US open: Stocks dip as investor eye CPI, debt ceiling talks
Wall Street's main stock market gauges were trading slightly lower as investors waited on the release of the Consumer Price Index for April due out on the following day.
They were also keeping track of debt ceiling talks on Capitol Hill with President Joe Biden and House speaker Kevin McCarthy due to meet later on Tuesday.
At 1622 BST, the Dow Jones Industrial Average was off by 0.03% or 9.63 points to 33,607.82, the S&P 500 was dipping 0.28% or 12.03 points to 4,126.14, and the Nasdaq Composite was down by 0.5% to 12,195.79.
Neil Wilson, chief market analyst at Markets.com, said: "Looking ahead to later in the week, US CPI inflation for April is the main event.
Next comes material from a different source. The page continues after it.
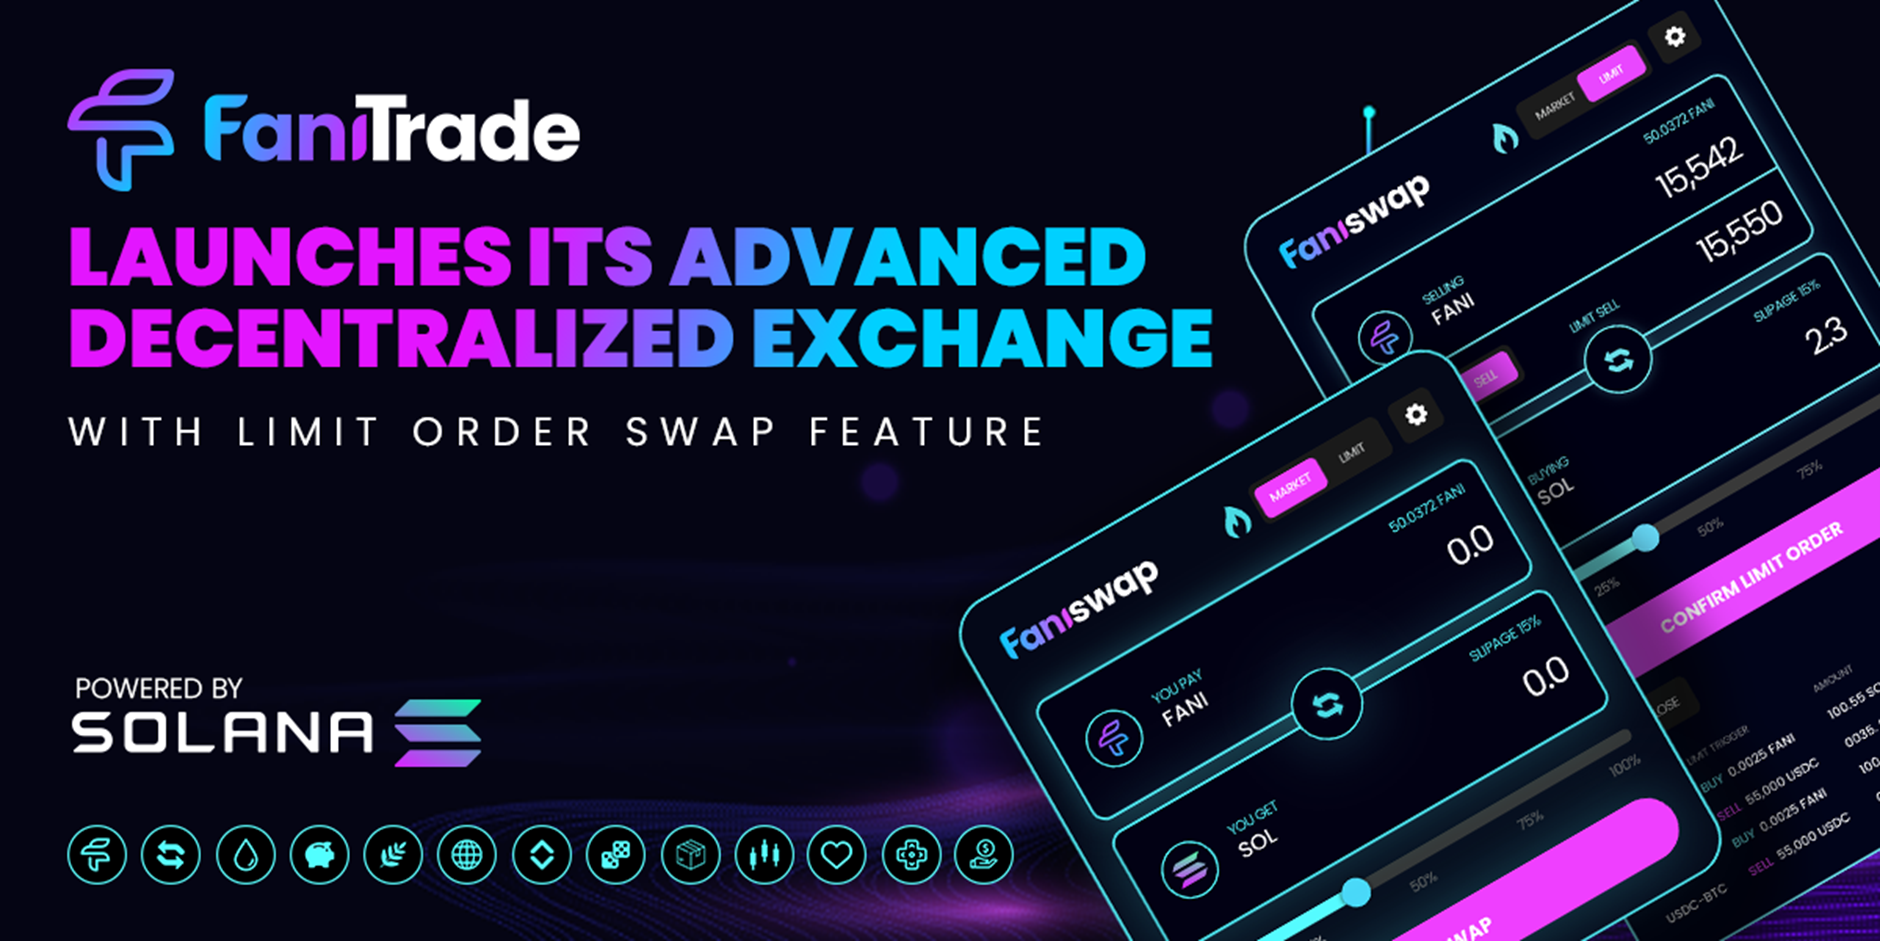 FaniTrade Announces the Official Launch of Its Advanced Decentralized Exchange With the Limit Order Swap Feature

Inflation eased in March to the lowest level in almost two years but a rise in core price growth alarmed policymakers.
"CPI for March fell to 5% year-on-year, down from 6% in February. However, core hit 5.6%, up 0.4% on the month, suggesting that sticky inflation will continue to dog the Fed."
Also dragging on investor sentiment, the National Federation of Independent Business's small business confidence index slipped from a reading of 90.1 for April to 89.0 in May (consensus: 89.7).
On the corporate side of things, Skyworks was nearly 6% lower after its third-quarter guidance missed expectations. The company guided to revenue of between $1.05bn and $1.090bn, versus estimates of $1.16bn.
PayPal was down 11% despite lifting its full-year earnings per share guidance.
Palantir Technologies surged 21% after its first-quarter earnings beat expectations and it said it expects to make a profit in every quarter of this year.
Boeing was up by 2% after Ryanair ordered 300 new 737-Max-10 jets in an order valued at more than $40bn.